**ACTIVITY**
Any pictures in the records below must be left out when you repeat the lines from the line containing "Campaigners with a" through the line containing "15mm Oscar Polido Leather Loafers" exactly.

**EXTRACTED MATERIAL**
##########

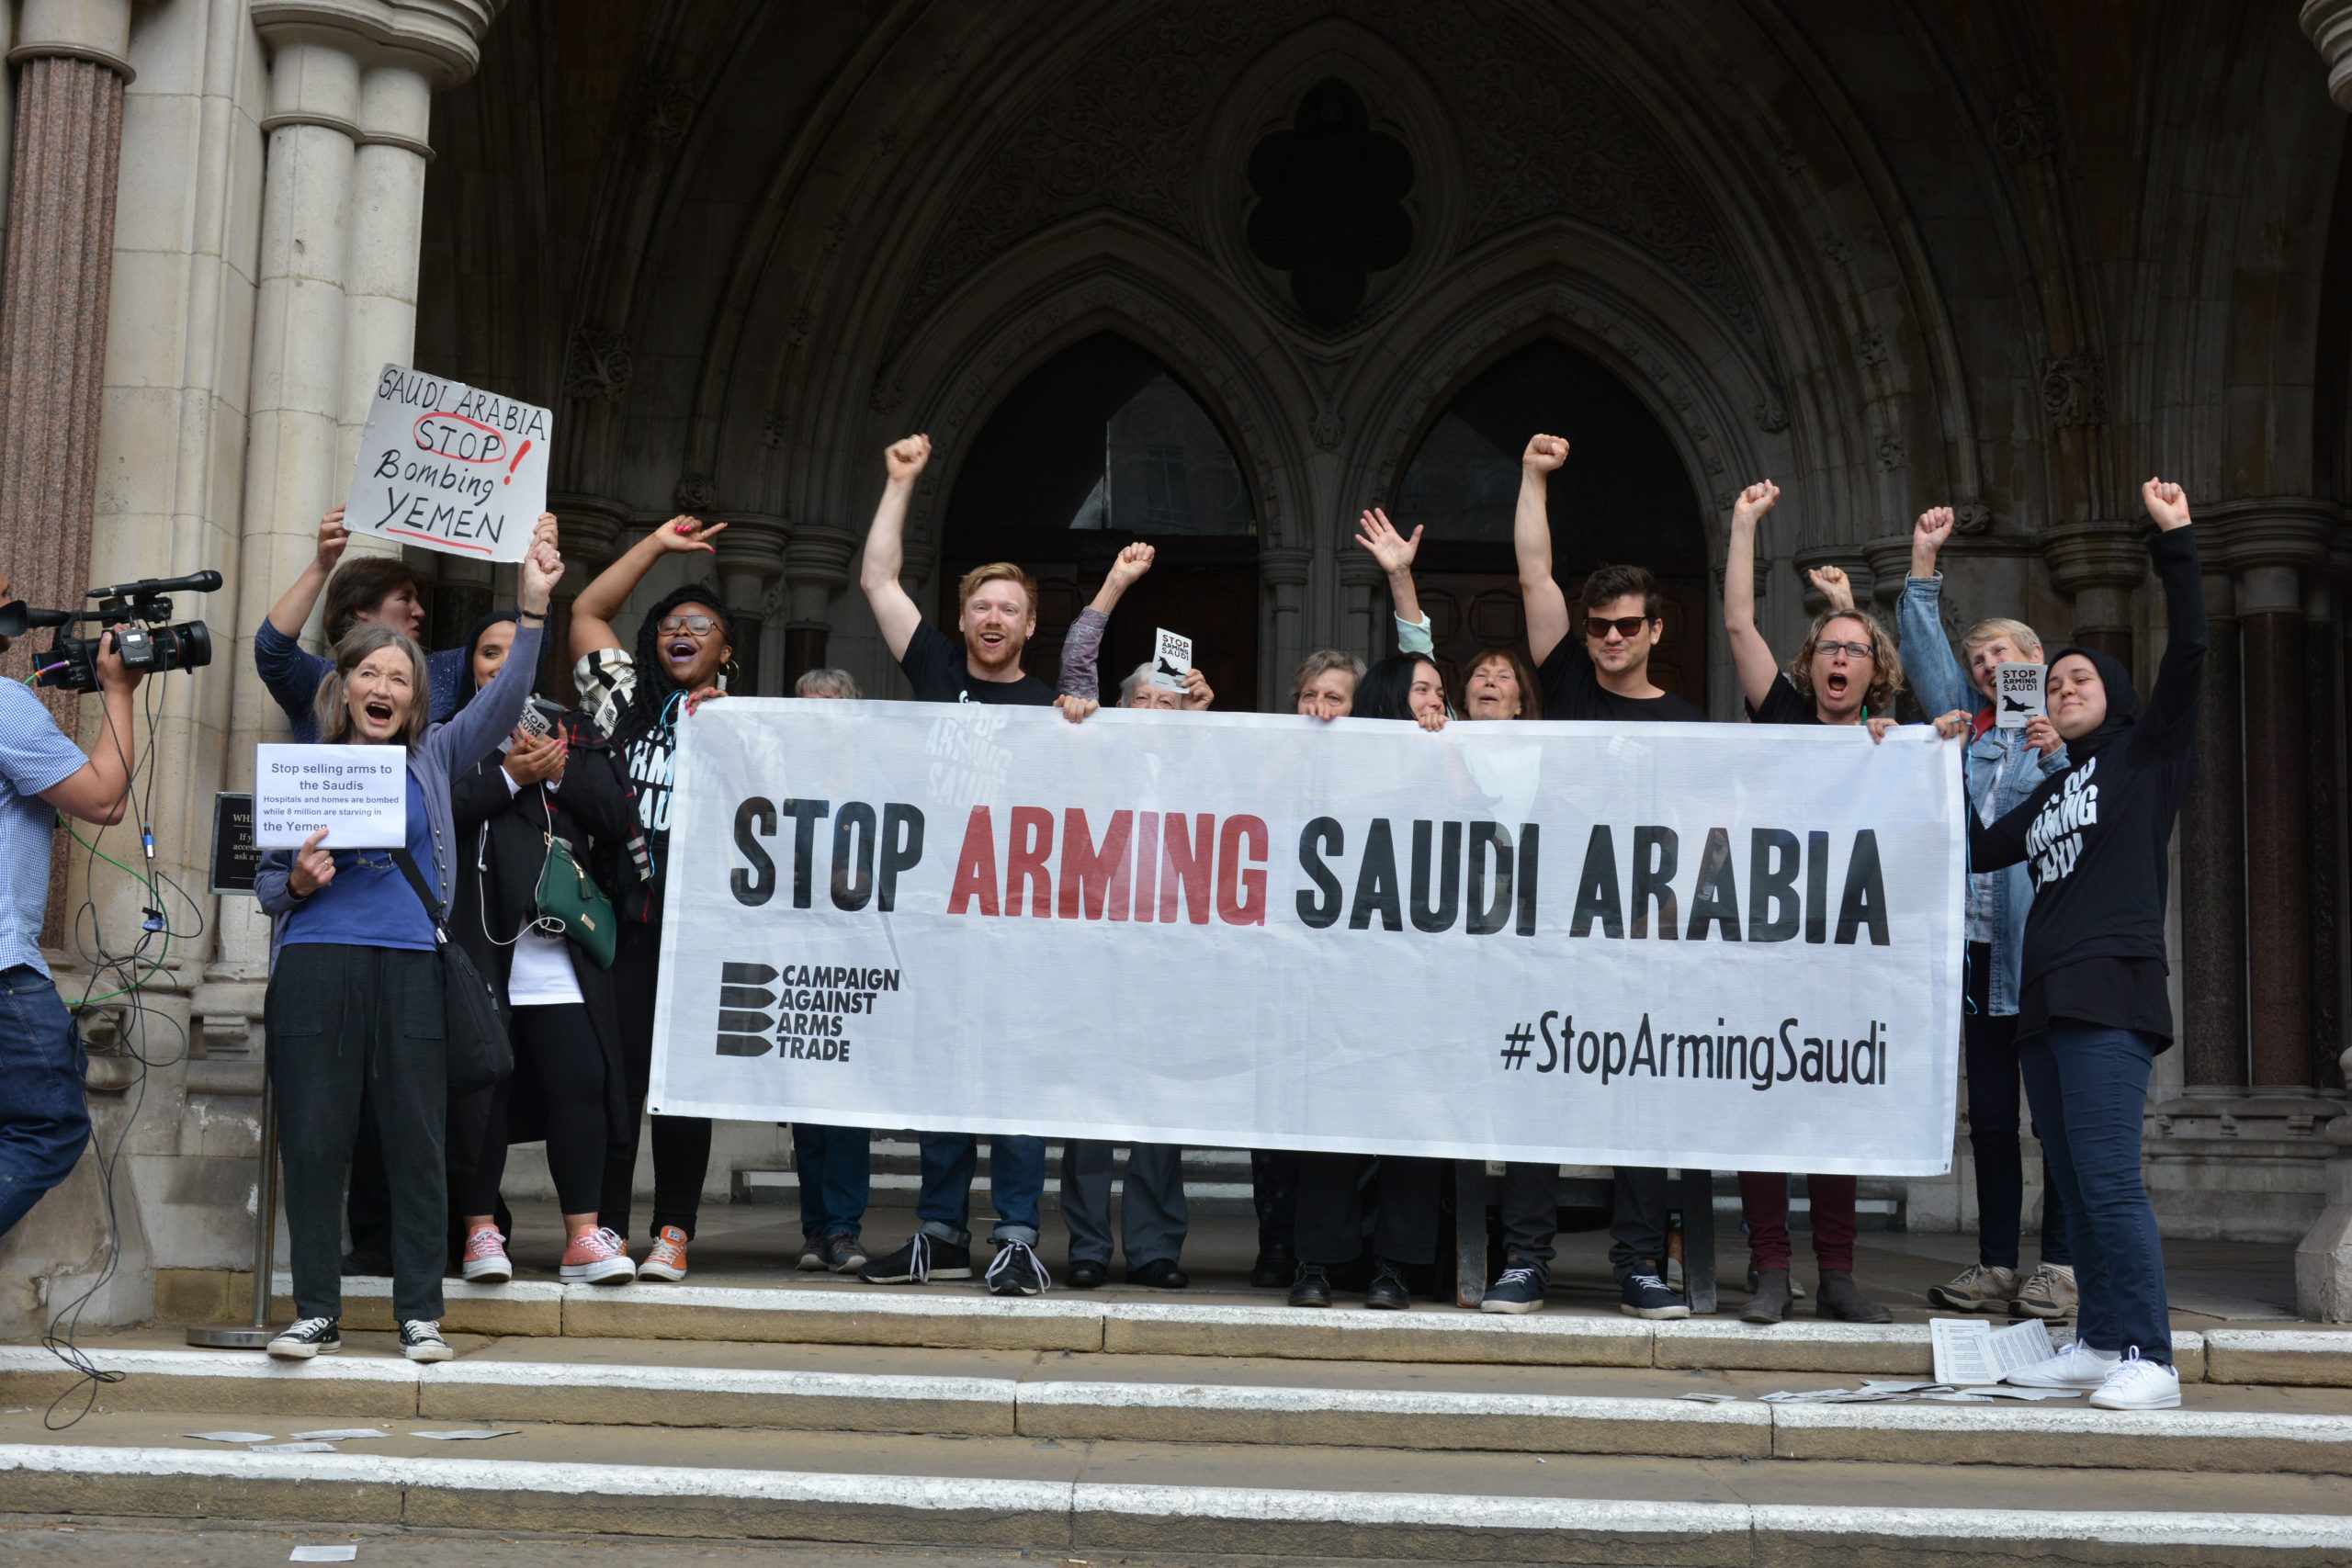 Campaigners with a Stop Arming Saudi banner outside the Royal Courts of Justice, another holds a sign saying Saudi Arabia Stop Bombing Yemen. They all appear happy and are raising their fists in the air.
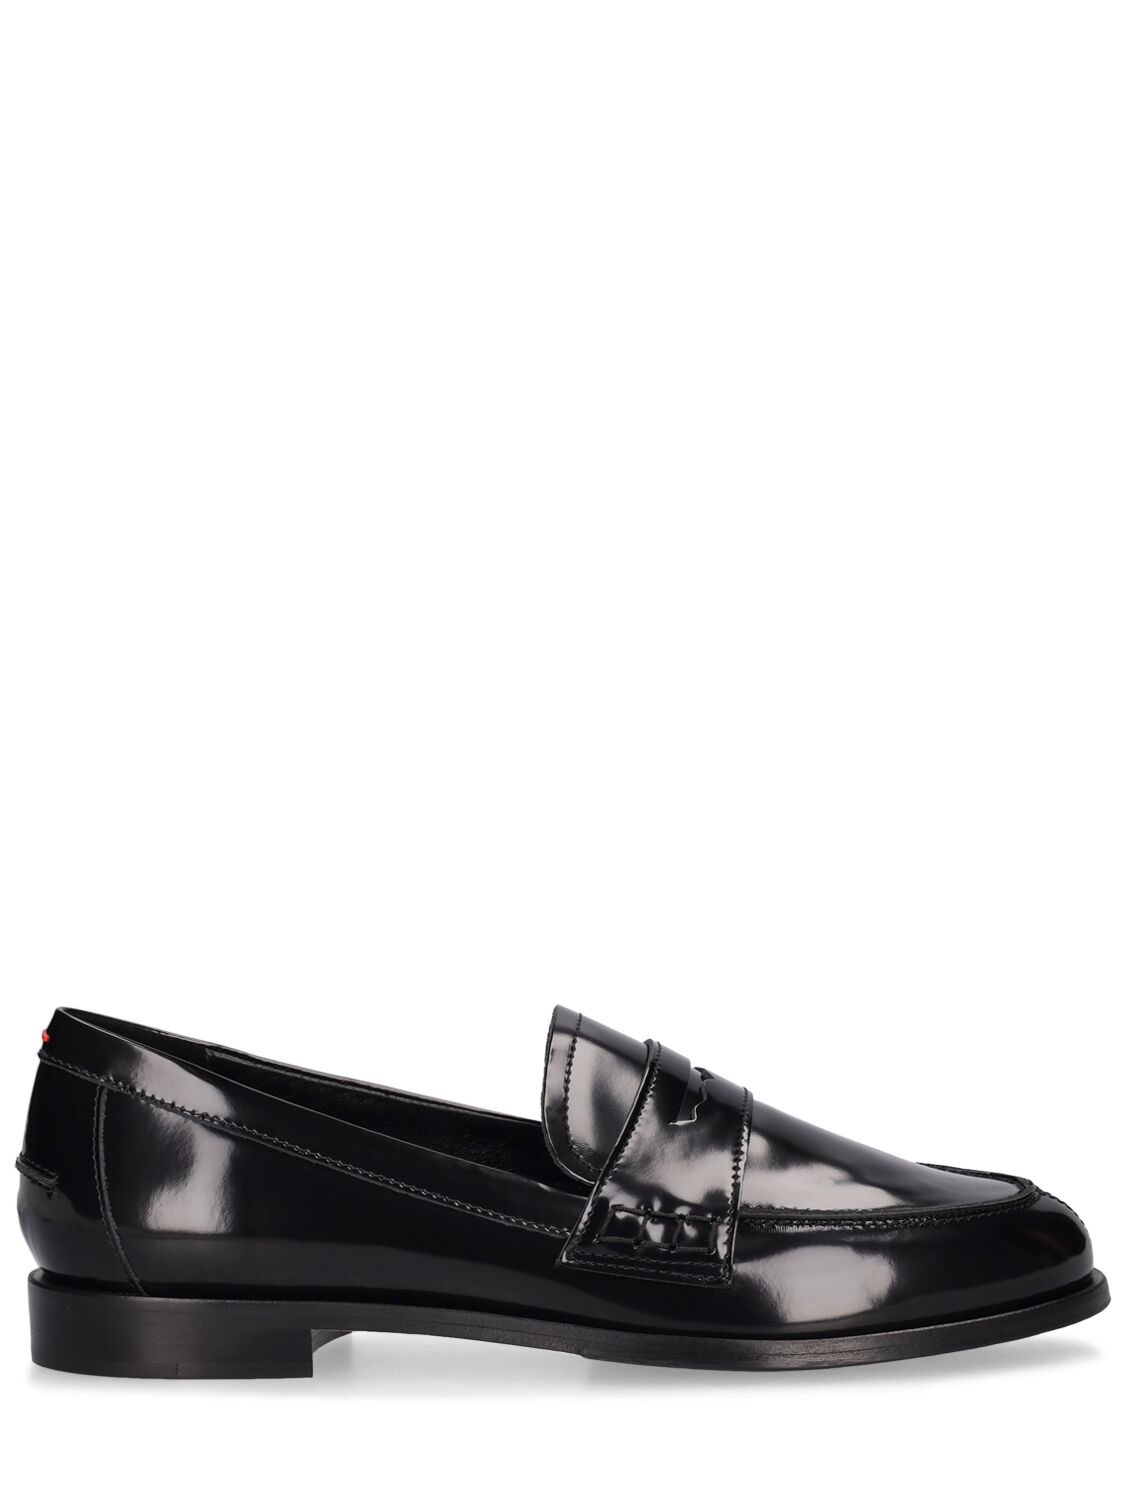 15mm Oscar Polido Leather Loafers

##########

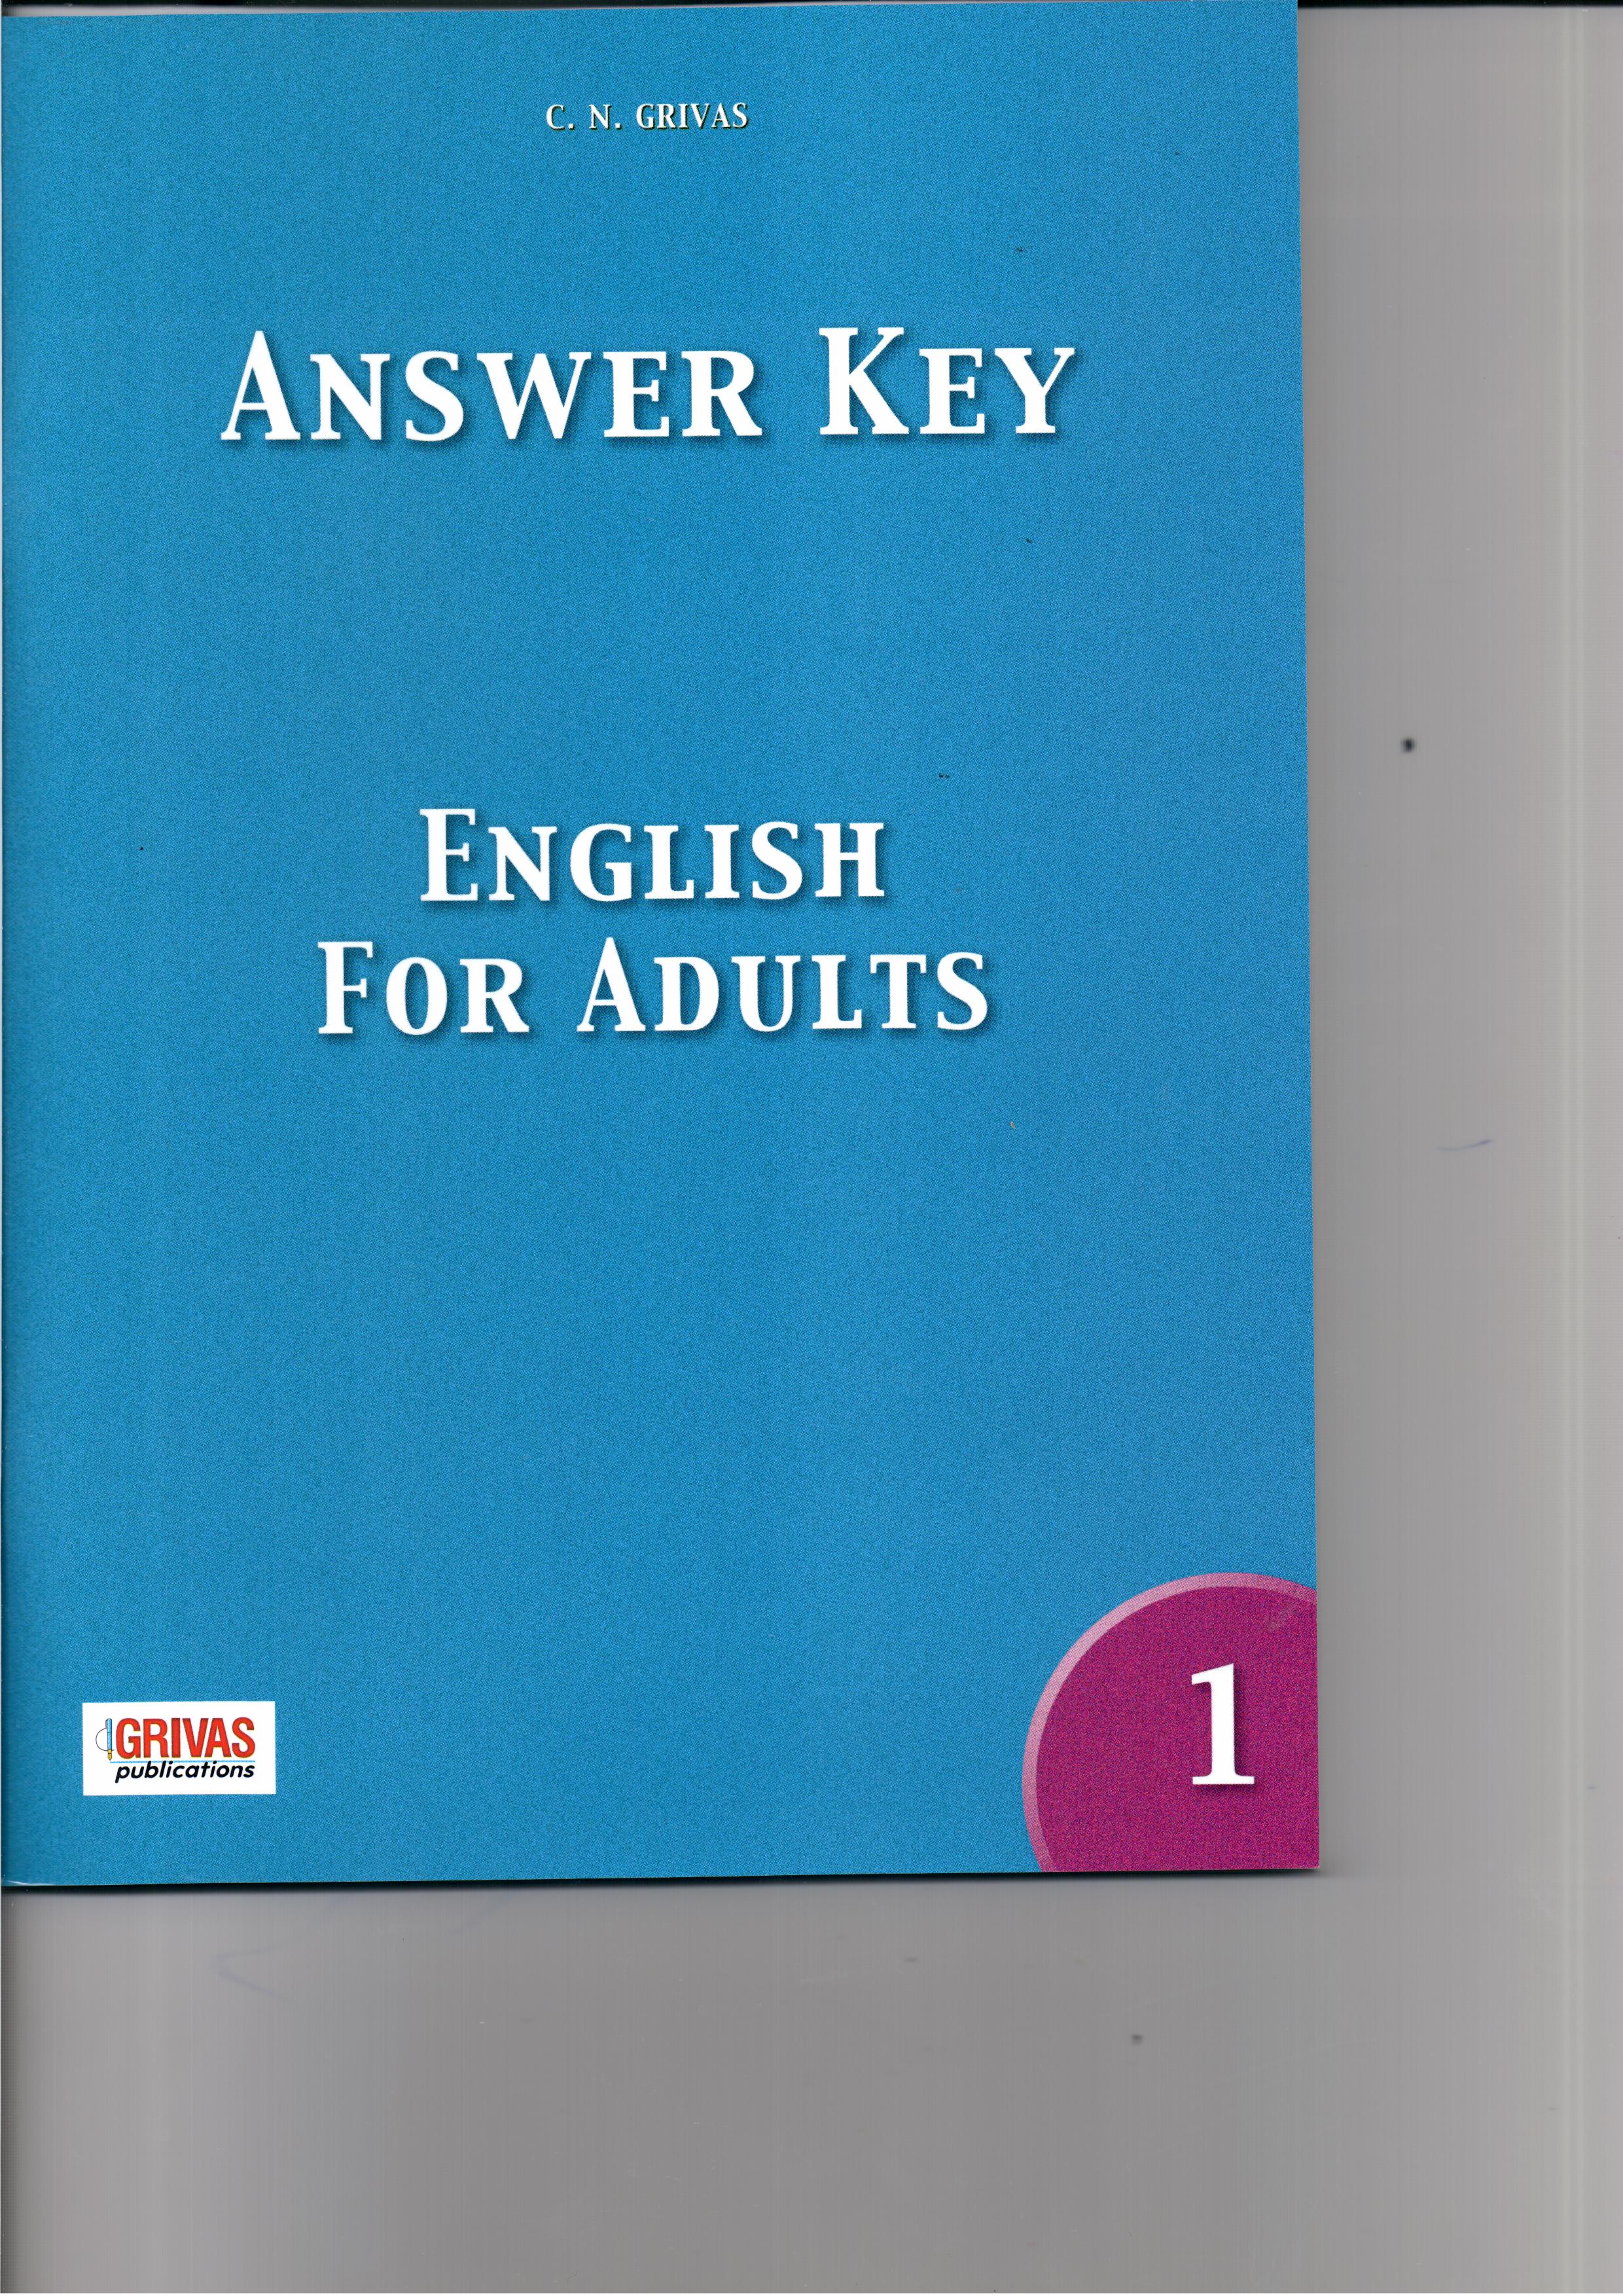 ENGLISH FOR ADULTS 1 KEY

##########

**EXERCISE OUTPUT**
 Campaigners with a Stop Arming Saudi banner outside the Royal Courts of Justice, another holds a sign saying Saudi Arabia Stop Bombing Yemen. They all appear happy and are raising their fists in the air.
 15mm Oscar Polido Leather Loafers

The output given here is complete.